Monday, January 15, 2007

The Hidden King

It is entirely fitting that we in the U.S.A. have a national holiday on the birthday of The Rev. Dr. Martin Luther King, Jr. (1929-1968), nonviolent warrior for justice and peace. Nevertheless, the WAY we celebrate Dr. King's legacy is usually disappointing: a day off from work for many, coupled with 30-second sound-bites of the 1963 "I Have a Dream" speech at the March on Washington--not even the whole speech and no context. Politicians congratulating themselves that "we have overcome" racism even while we are busy re-segregating our schools because housing patterns remain segregated (de facto, though no longer de jure) and busing is now taboo, and even while the race gap in wages is huge, and African-American and Latino children are now routinely fast-tracked from kindergarten to prison.
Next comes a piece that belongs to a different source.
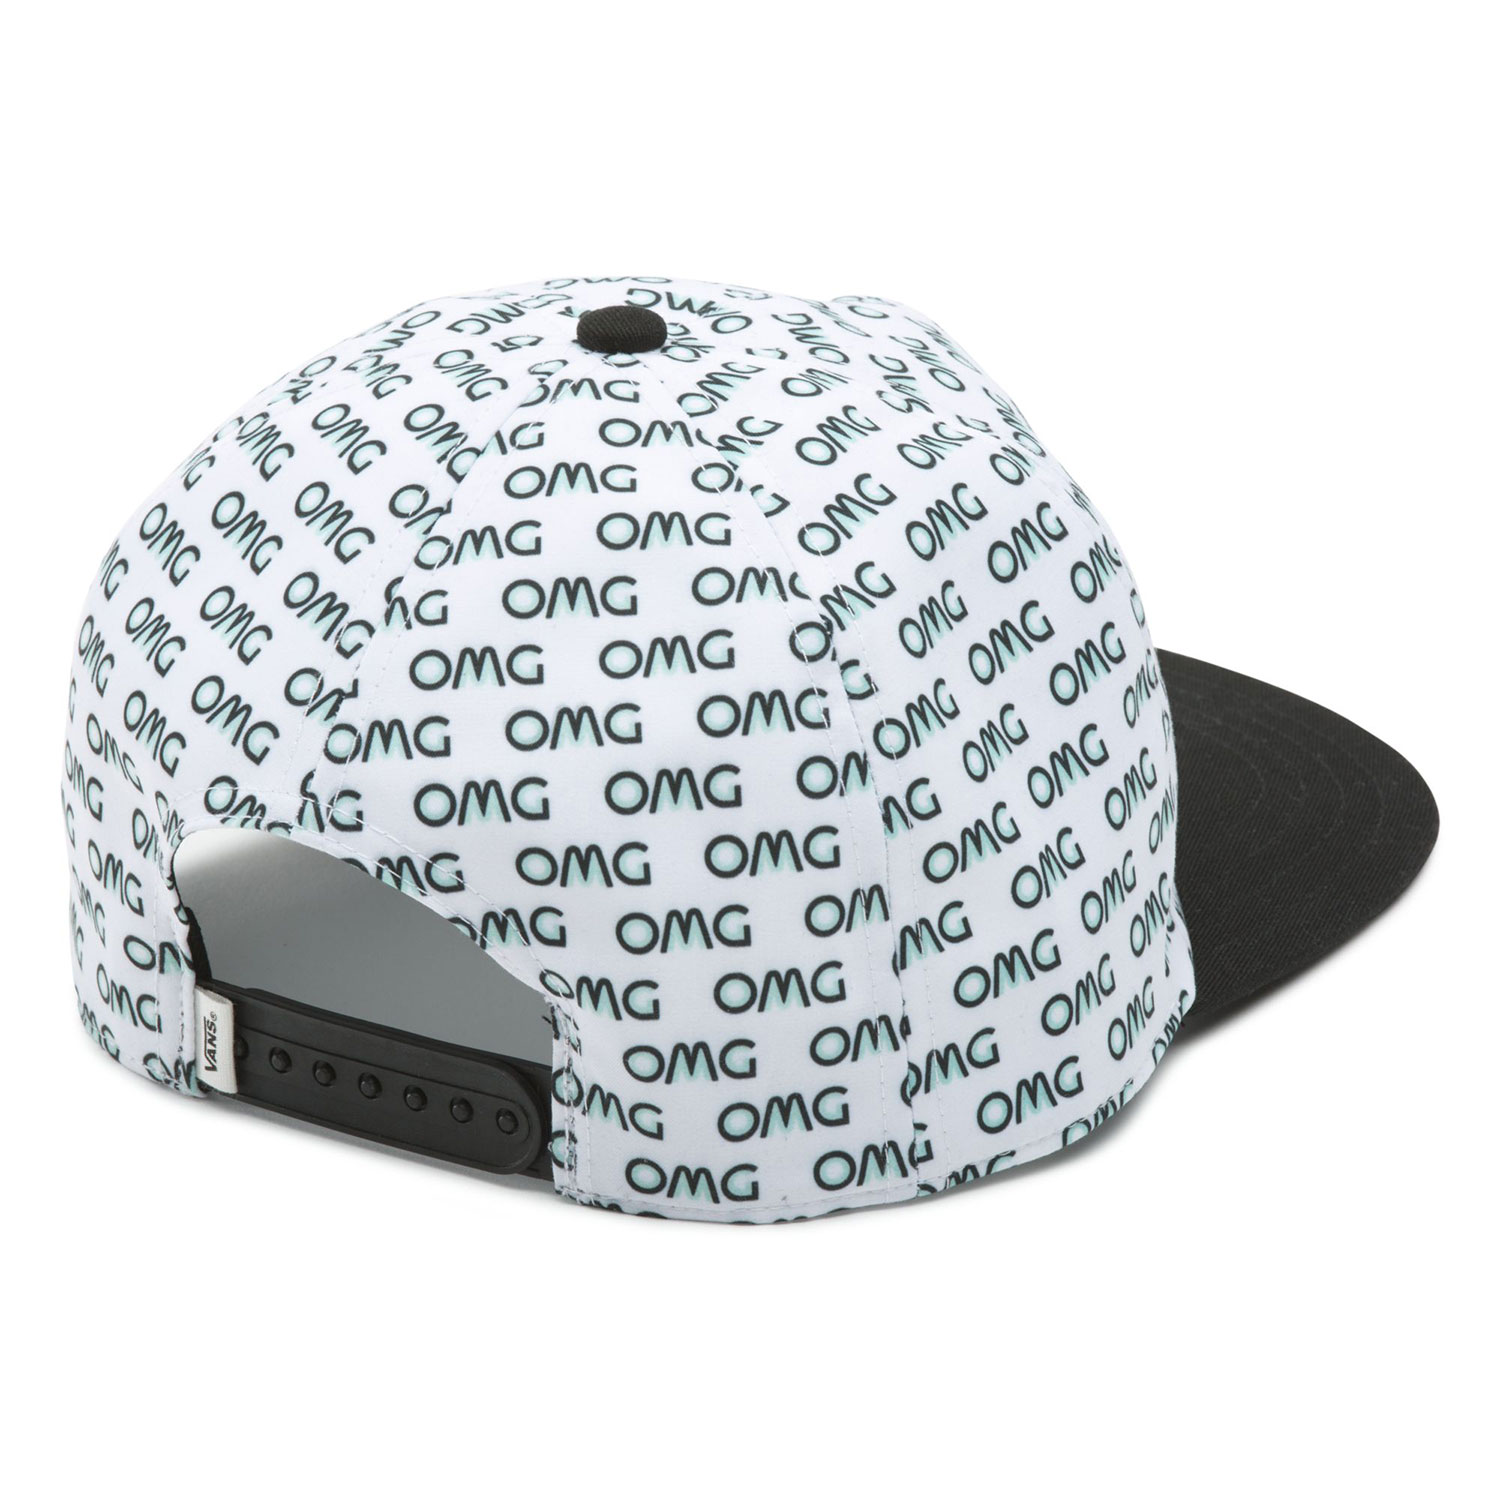 Vans OMG-WTF Snapback Hat

Our children have a distorted view of the Freedom Movement, believing that one day Rosa Parks sat down in a 'white' seat on a Montgomery Bus, the next day King gave the I Have a Dream Speech in D. C. and "poof"--segregation disappeared. The numerous campaigns and the struggles of thousands of ordinary people are thus masked. And Dr. King's increasingly radical economic views (calling himself a democratic socialist and working on a Poor People's Campaign that would unite all races to end poverty) and ever stronger opposition to the Vietnam War (which lost him the support of President Lyndon Baines Johnson and even many other civil rights leaders who thought he had no business speaking out on foreign policy), are also hidden.

The tragedy of this is that it is precisely the radical King of 1965-1968 whom we need to remember and look to for guidance today. This was the King who pointed out the connections between government-sponsored violence and the violence of city streets, and who saw the connections between the money spent on war and the money unavailable for economic justice here. This was the King who had to be silenced.